[Data section]
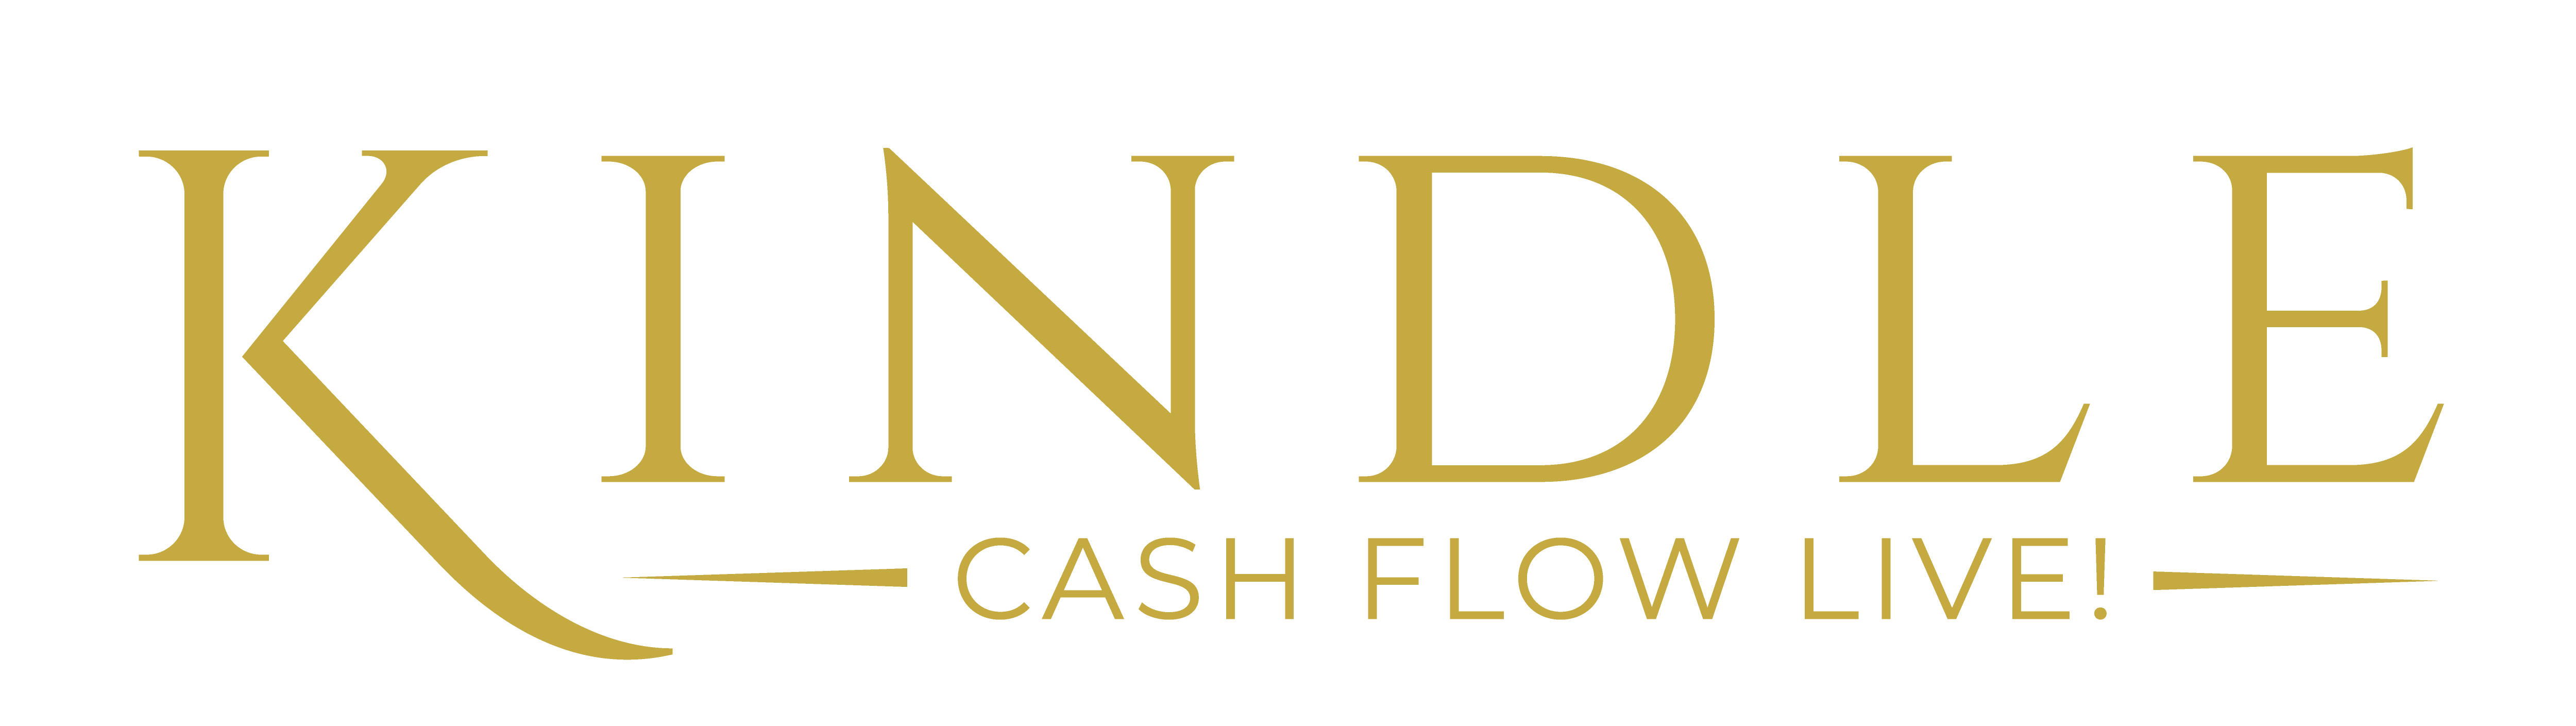 kindle cash flow live
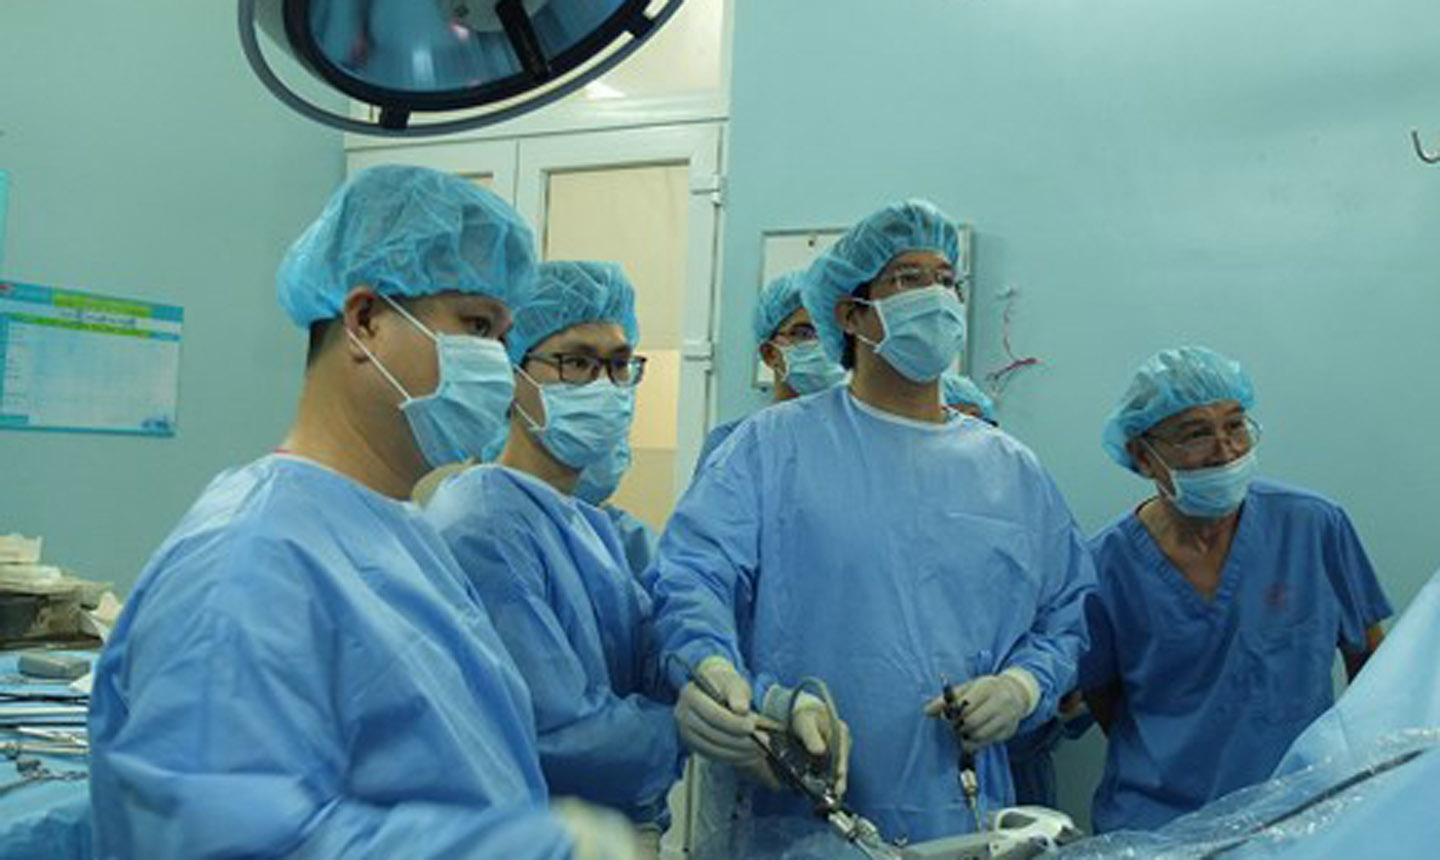 Các bác sĩ đang tiến hành phẫu thuật nội soi lấy chiếc tăm
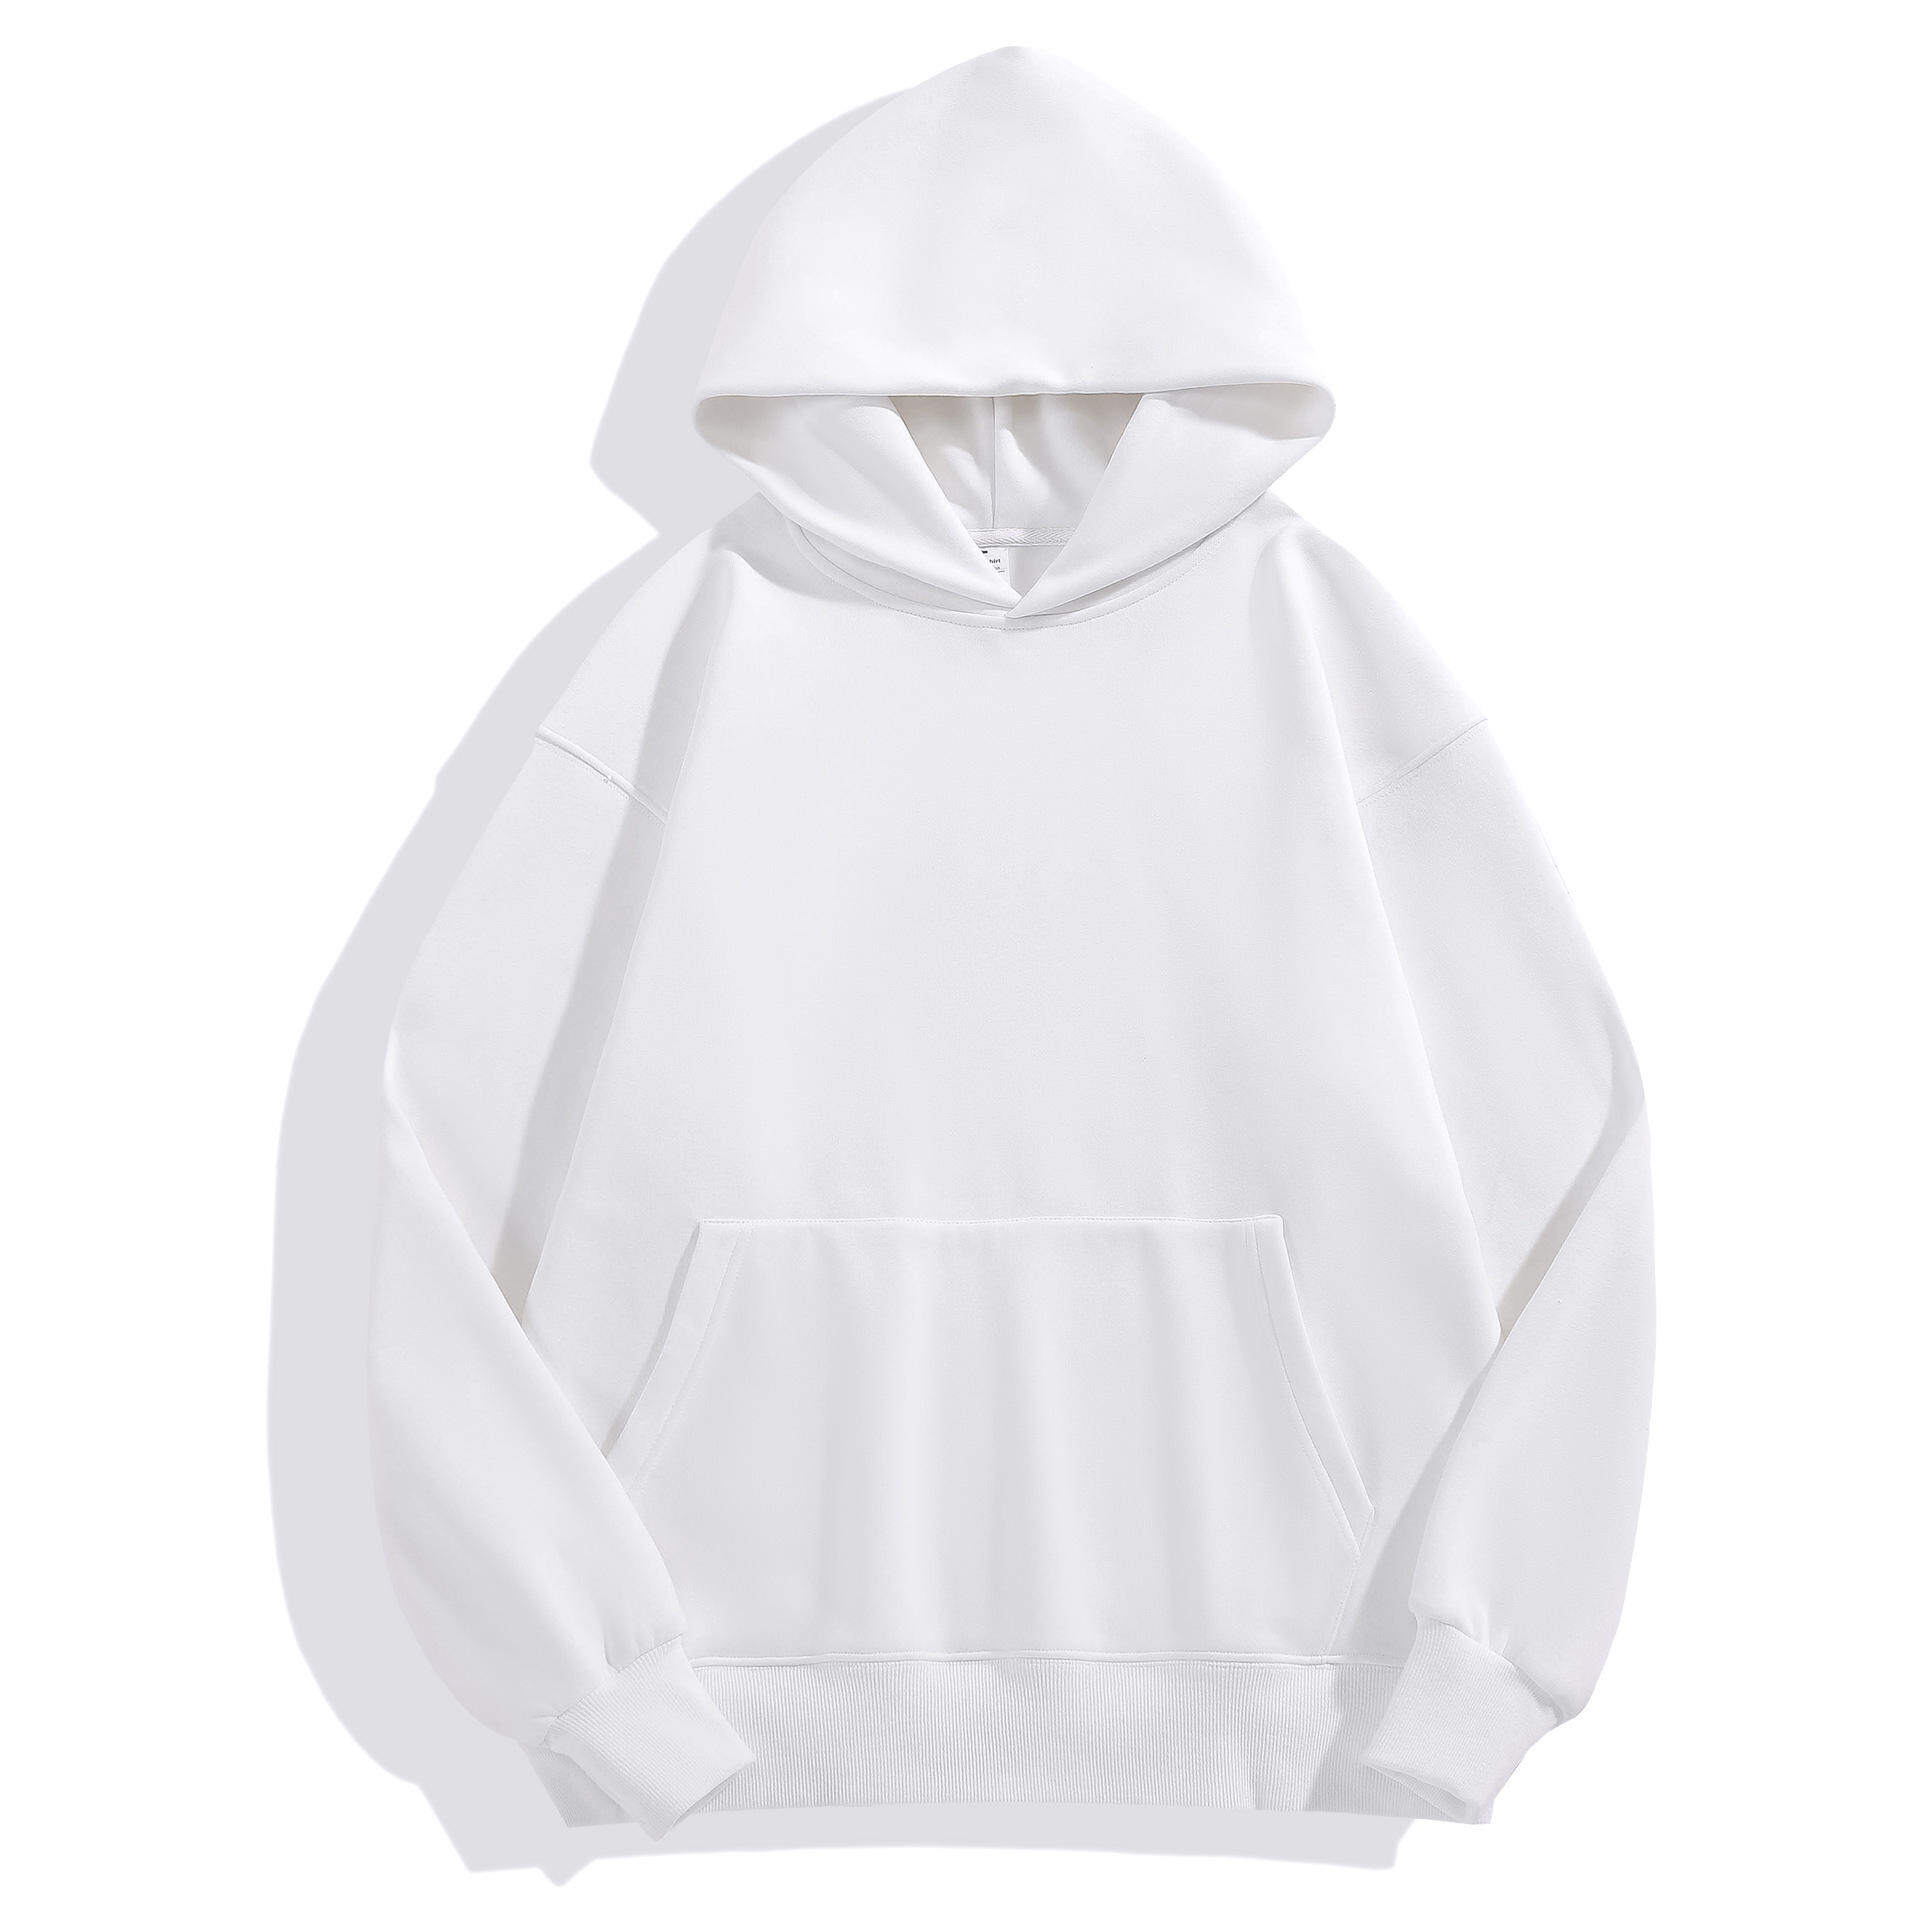 wholesale blank zip up hoodies, blank crop top hoodie wholesale, blank hoodies manufacturer, blank hoodie manufacturers, buy blank hoodies in bulk

[What you need to do] Could you copy exactly, and with no pictures, the lines above from the one containing "Các bác sĩ đang" through the last line, both included?

[Written response]
 Các bác sĩ đang tiến hành phẫu thuật nội soi lấy chiếc tăm
 wholesale blank zip up hoodies, blank crop top hoodie wholesale, blank hoodies manufacturer, blank hoodie manufacturers, buy blank hoodies in bulk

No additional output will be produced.